Connie moved to refill the glass, but Lacy took the bottle, this time filling the tumbler to the top and letting the liquid slide down her throat in one, smooth swallow.

Mitch reached across the bar and slid the empty glass away from her. “That’s not what I came here to see tonight.”

“Really?” Lacy wiped her moist lips along the back of her shirtsleeve. “What did you come here for, Detective Kilpatrick? My undying gratitude for saving my father? I’m assuming since you’re talking to me now, the investigation is over. Will they let my dad leave on his own, or will there be a ‘torches and pitchforks’ style overthrowing of the department?”

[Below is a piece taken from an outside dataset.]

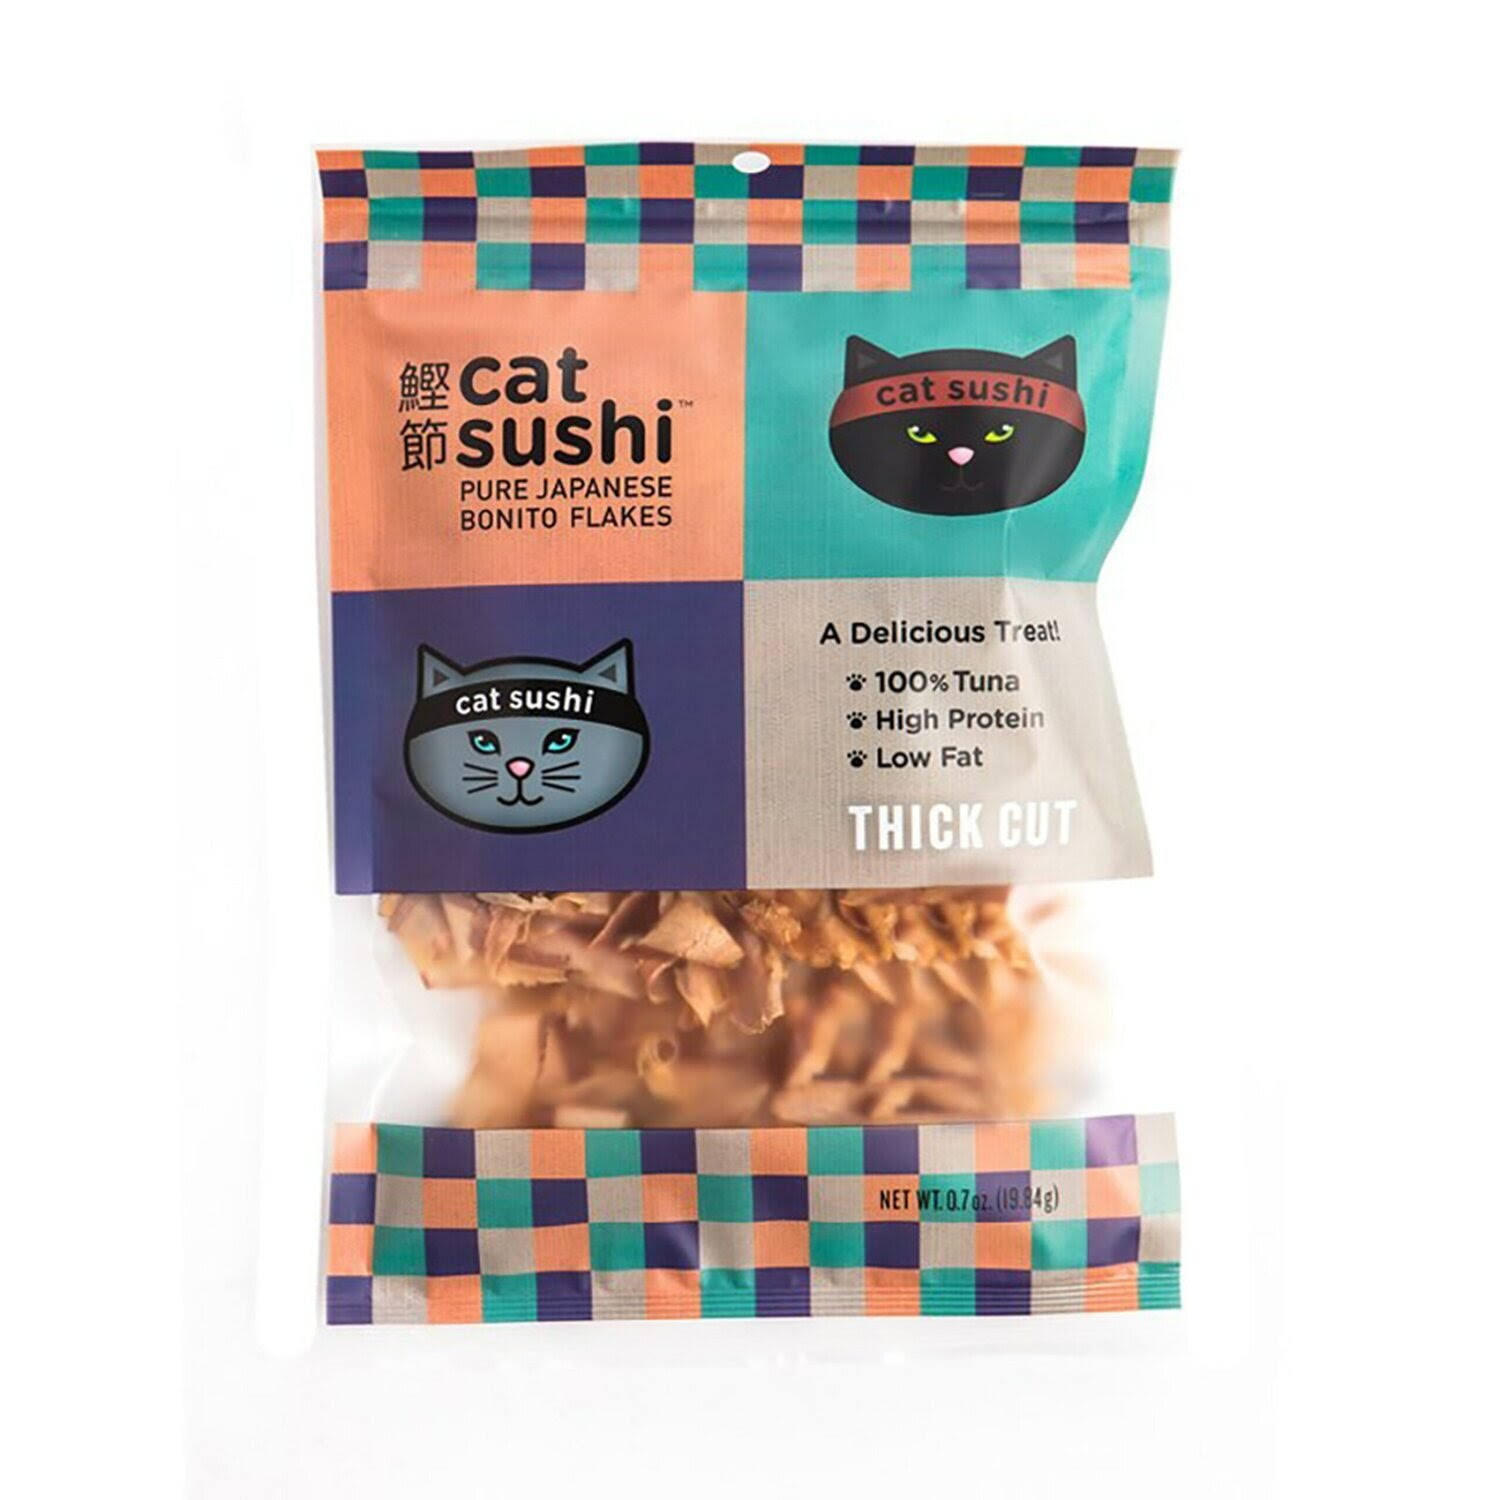 Cat Sushi Thick Cut Bonito Flakes

He reached for her arm and emotion finally filled his eyes. “Your dad’s not losing his job. He was protecting his daughter. It took some persuading, but the department finally saw things my way. They won’t even have a formal investigation. Three weeks of leave to appease the public, and he’ll be back like nothing happened.”

“How’d you pull that off?” The sarcastic snap in her voice made her skin prickle.

Mitch released her arm. “I gave the homicide chief the one thing he’s wanted from me for years.”